Task to carry out:
Exclude images; transcribe the rest of the data exactly.

Supplied material:
•••
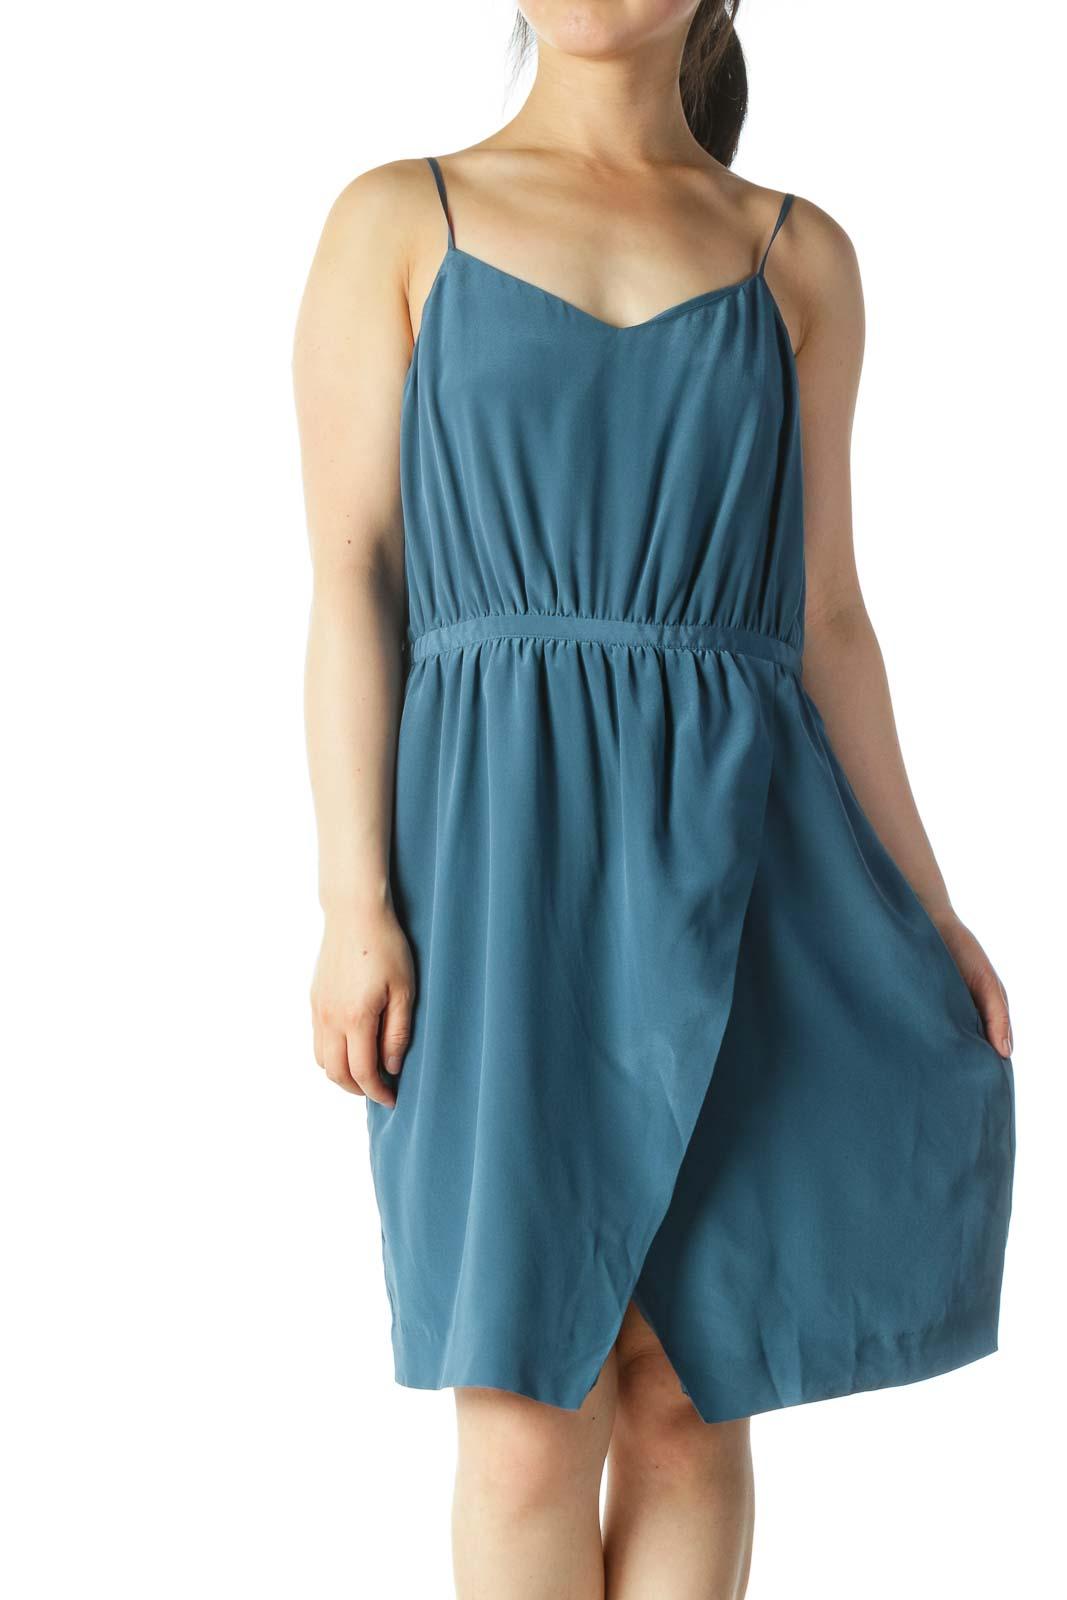 Blue Slitted Cocktail Dress
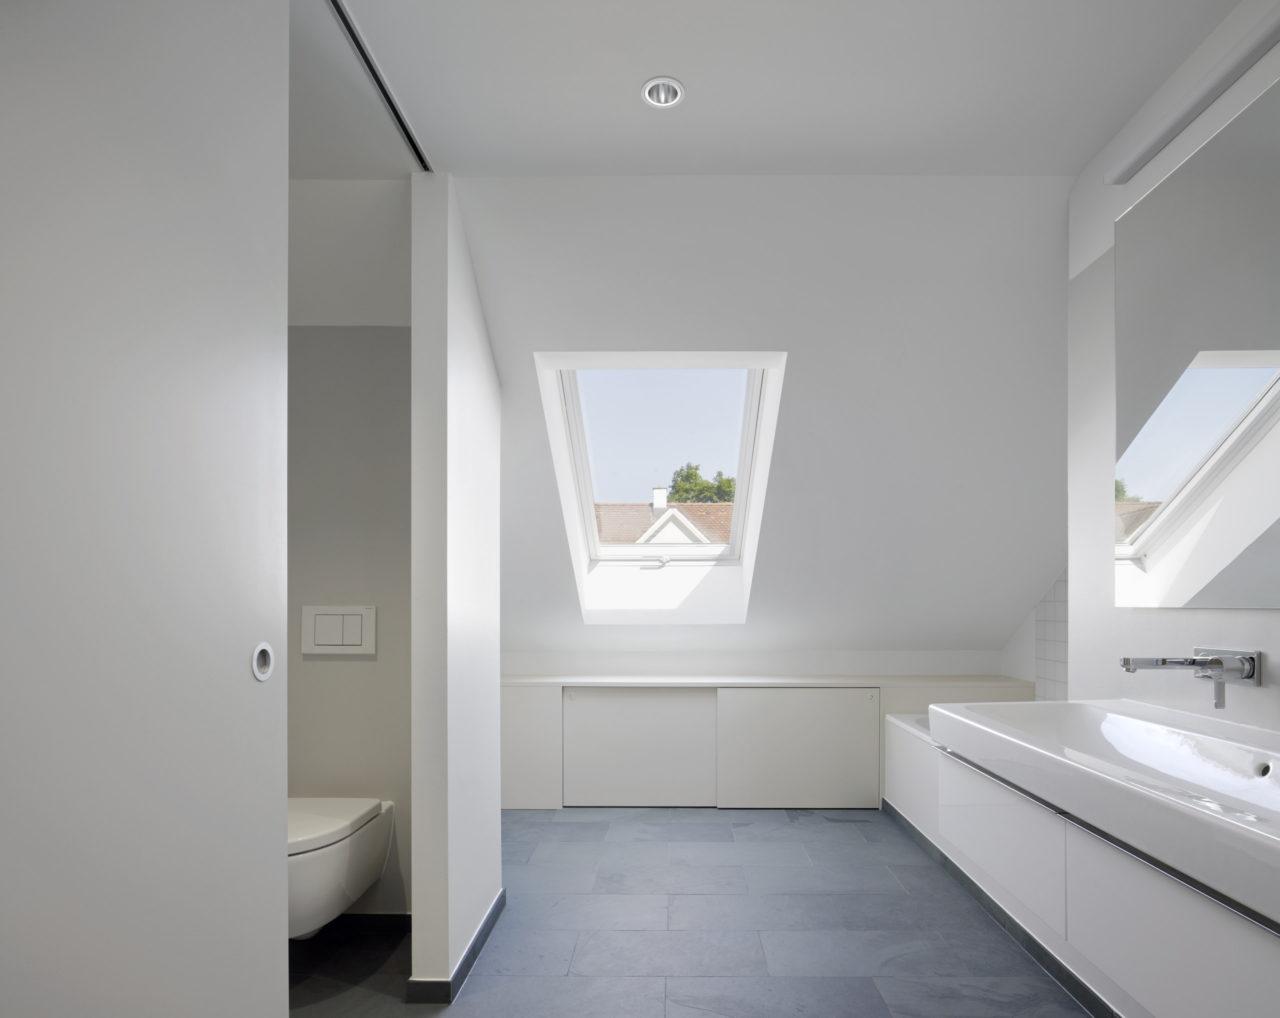 Bad im Dachgeschoss nach Umbau / Dachausbau von Architekturbüro Forsberg in Basel
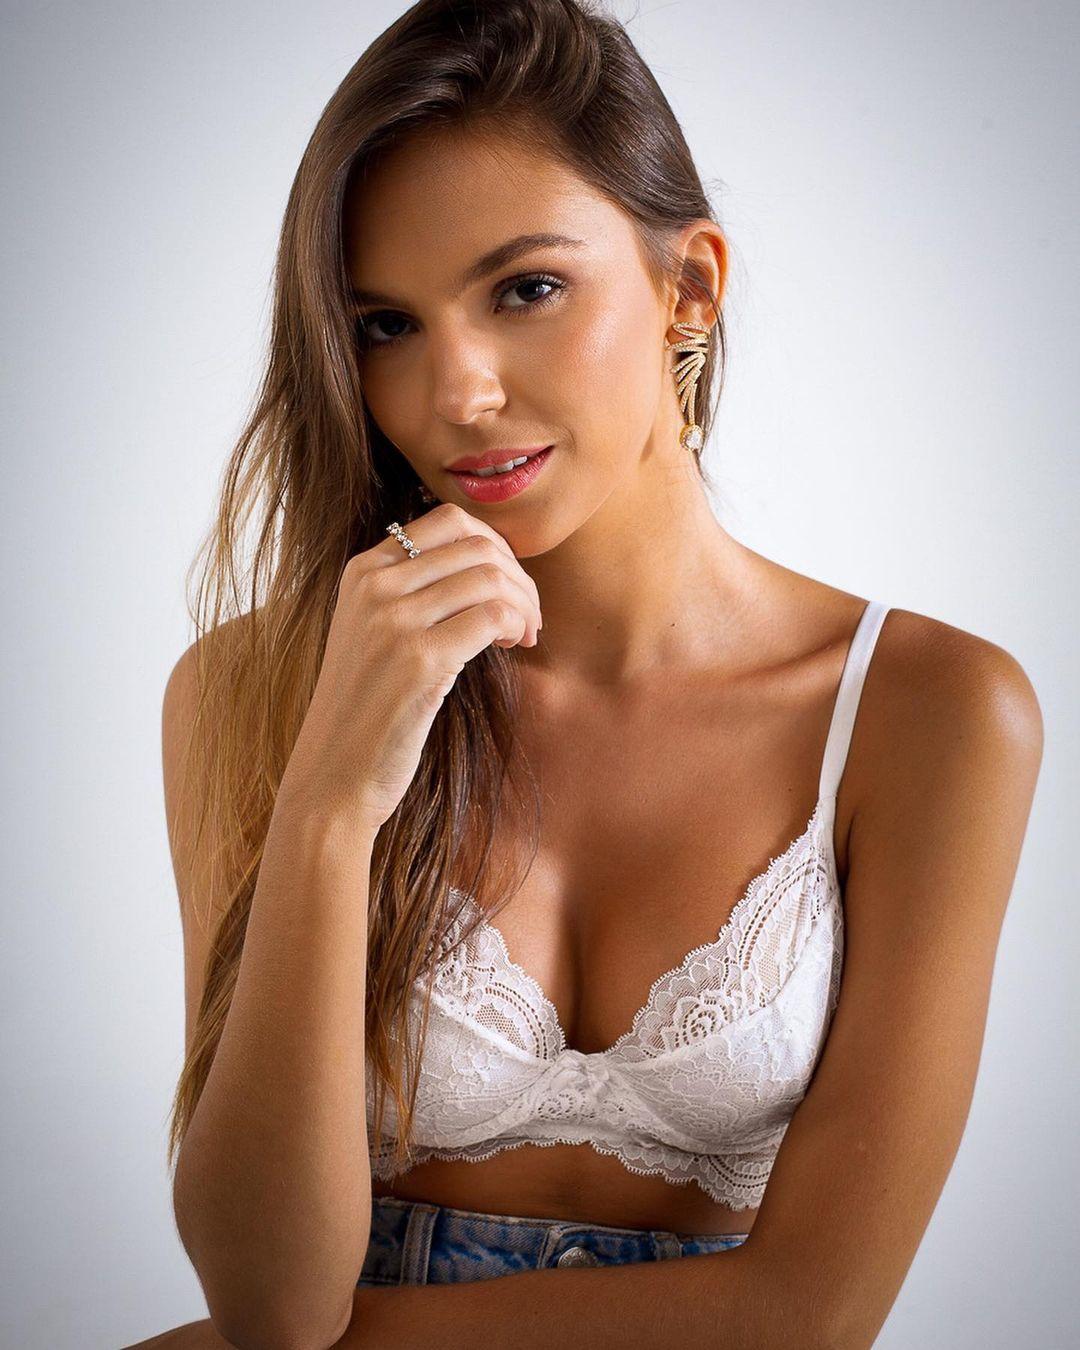 ana flavia giacomini, miss ilha dos lobos mundo 2019. - Página 5 Fwwt6g10
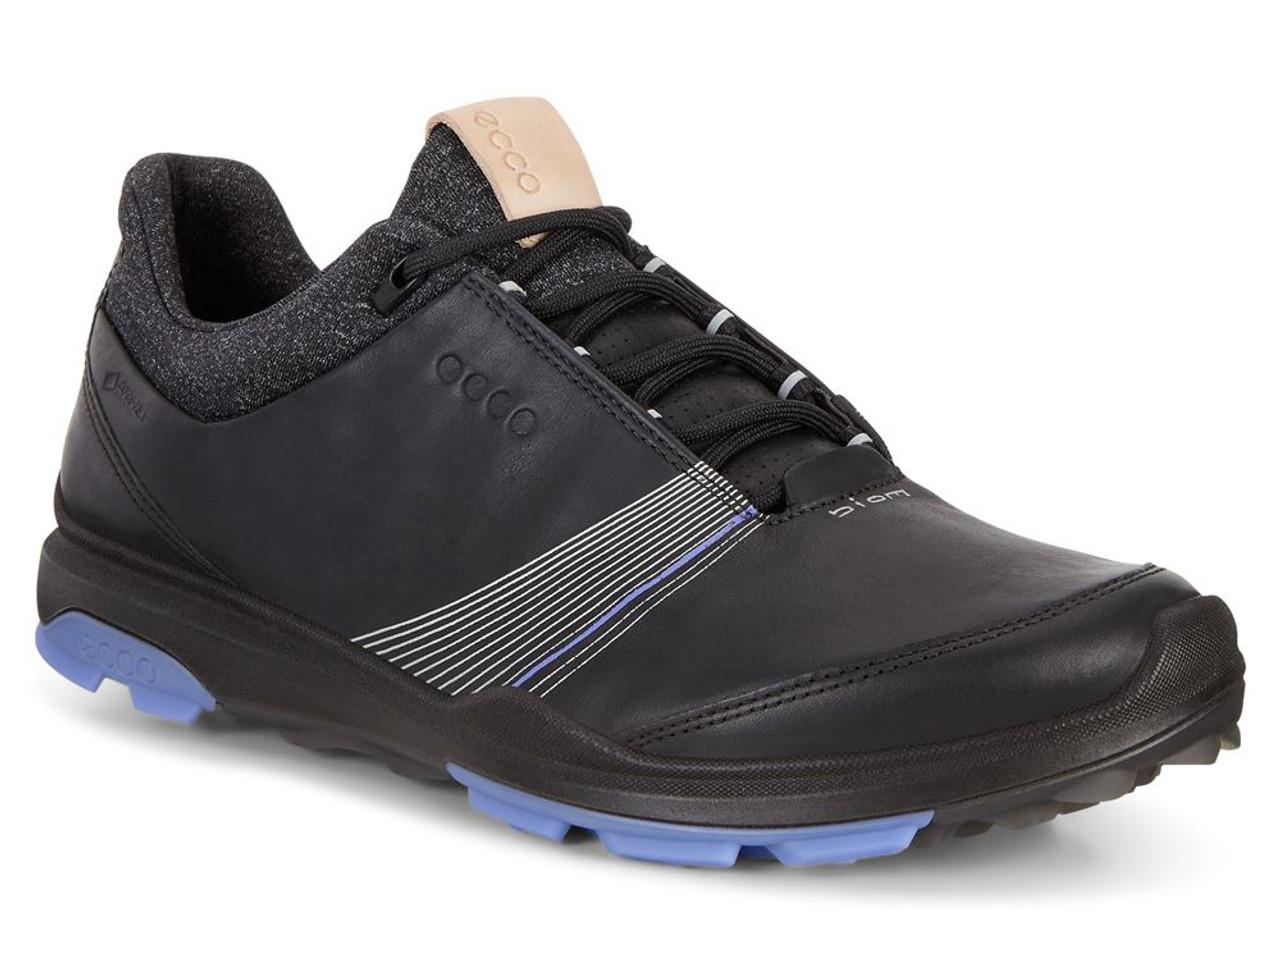 9a2e1880b2 Ecco W Biom Golf Club Hybrid 3 Golf Shoes - Black - Ladies For Sale ...
•••
Result of this task:
 Blue Slitted Cocktail Dress
 Bad im Dachgeschoss nach Umbau / Dachausbau von Architekturbüro Forsberg in Basel
 ana flavia giacomini, miss ilha dos lobos mundo 2019. - Página 5 Fwwt6g10
 9a2e1880b2 Ecco W Biom Golf Club Hybrid 3 Golf Shoes - Black - Ladies For Sale ...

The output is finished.